Located at the north-eastern end of the Mediterranean, Cyprus is the third largest island in the region, and it’s crammed full of culture, influenced by its diverse geography; it’s south of Turkey, southeast of Greece, north of Egypt, west of Syria and Lebanon and northwest of Israel. Along with its cultural influences, its rich history makes for enviable landmarks and historical sites which beg to be visited.
If history’s your scene, there are two particular gems which you need in your satnav, both in Paphos. The first is the Saint Neophytos Monastery, one of the most well-known monasteries in Cyprus, beautifully indented in rolling Cypriot hills; second is the Tomb Of The Kings, a site of fascinating underground tombs which date back to the fourth century BC. The entire town of Paphos is on the UNESCO World Cultural Heritage List and on arrival you will understand why – it’s like stepping back in time. A major benefit of the heritage sites is that you can wander freely, even clambering down into the very lowest of caves.
Going hand in hand with the culture and history is the amazing food. The obvious dishes are often the best, particularly moussaka, souvlaki and stifado; however, if you walk into any restaurant and ask for a meze for two, you can rest easy that you will be receiving an absolute winner of a meal.
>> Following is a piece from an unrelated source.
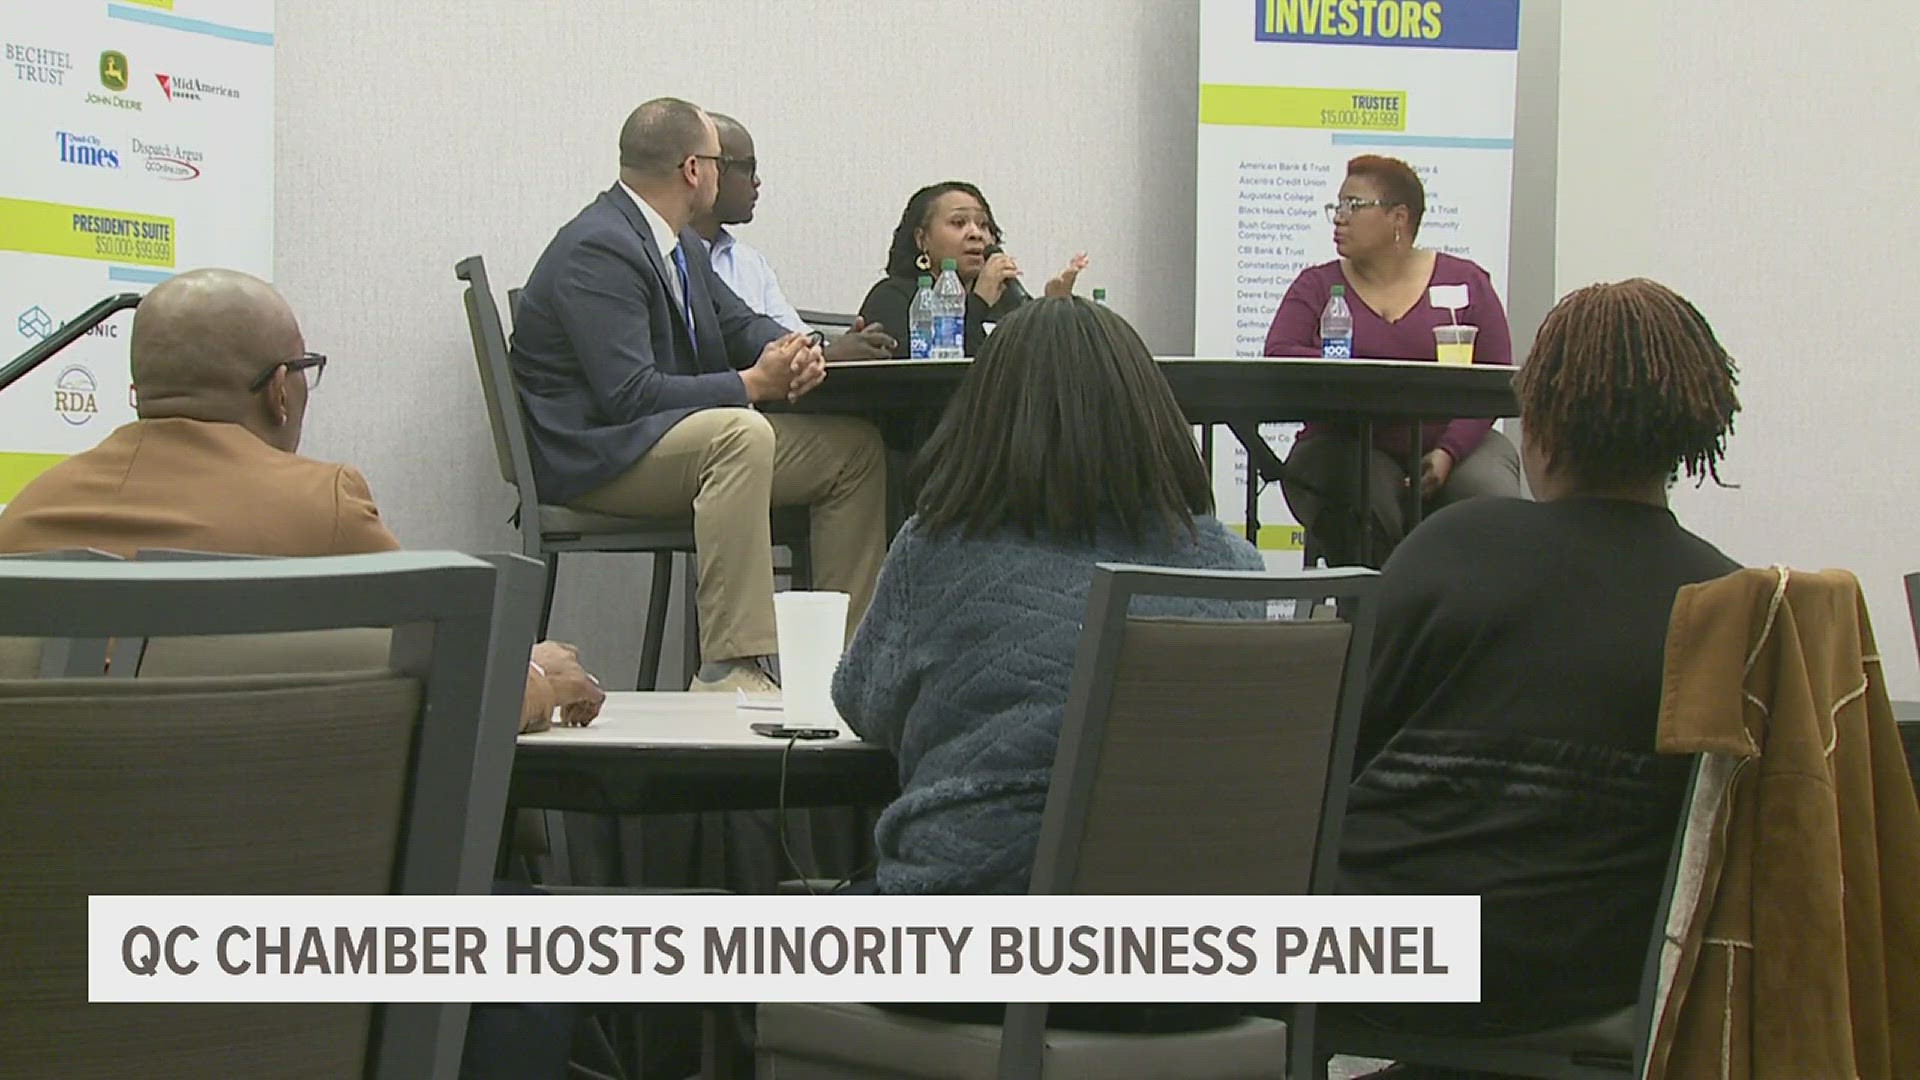 "One of the things that business owners say they really need is an opportunity to network," Quad Cities Chamber talent and inclusion manager Brandy Poston says.

These reasons for visiting Cyprus are near the top of the list for the thousands of tourists who flock there each year. However, the reason I returned a second time was the phenomenal street art which adorns so many regions, sometimes bold as brass and sometimes hidden down darkened alleyways. As a major fan of street art, I was instantly hooked. Street art is fascinating because of its social and political message: it says something about the place it’s in. In Cyprus, I was surprised at the diversity and rawness of it, which has apparently been on the increase since the parliamentary elections in 2016.
One particularly inspiring piece was a huge mural of a Nepalese mother holding her baby, which appears on a desolate wall in the middle of Limassol. I found out that this was created by Paparazzi, one of Cyprus’ most popular street artists, in response to the earthquake in Nepal which killed 8,000 people in 2015. Paparazzi is one of the main figures of the Street Life Festival, a huge event which attracts over 20,000 visitors to the old town of Limassol to take part and watch abandoned houses and walls being turned into art.
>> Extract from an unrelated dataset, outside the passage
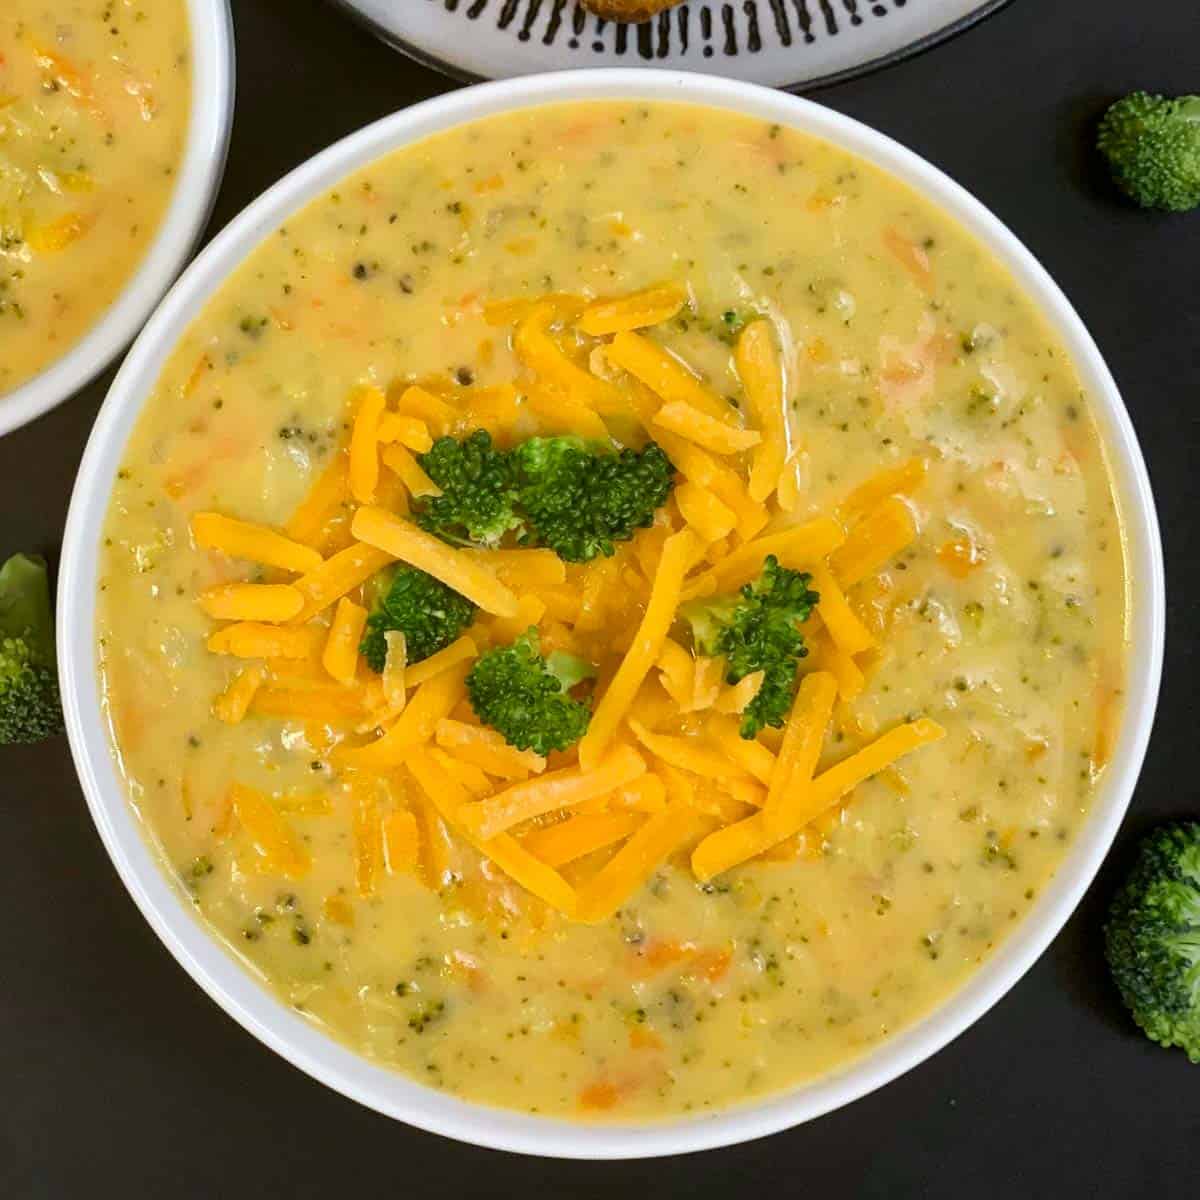 Keto Broccoli Cheese Blender Soup - 4 Ingredients, 10 Minutes!

Both Larnaca and Paphos also have their very own street art events too – the Bubble Street Art Festival and the Street Art Square Festival respectively. The latter is particularly interesting: its curator, Yiannis Sakellis, intends to have the festival ‘invade’ areas of the city, converting them into landmarks of the city centre and rearranging the mapping of our daily life. This is exactly what’s so exciting about street art: it disrupts the banality of everyday life and creates a talking point. The frequency of street art festivals in Cyprus shows its increasing popularity. Whilst we do have some brilliant street art festivals in the UK – particularly UpFest over in Bristol, Europe’s largest – there is something different about the Cyprus scene.
With the rise of popular street artists across the island (as well as Paparazzi, look out for pieces by Twenty-Three, Billygee and RockTheDog), street art is a real cultural scene of its own in Cyprus. The placement of pieces is often deliberately remote and unexpected. Surprisingly, many are often commissioned by the Parliament of Cyprus to breathe new life and culture into the cities. This recognition of the power to transform our towns and cities with art has truly given these regions a liberal and bohemian culture; it is a joy to walk through alleyways and passages in the afternoon sun to find a work of art shining out loud and proud.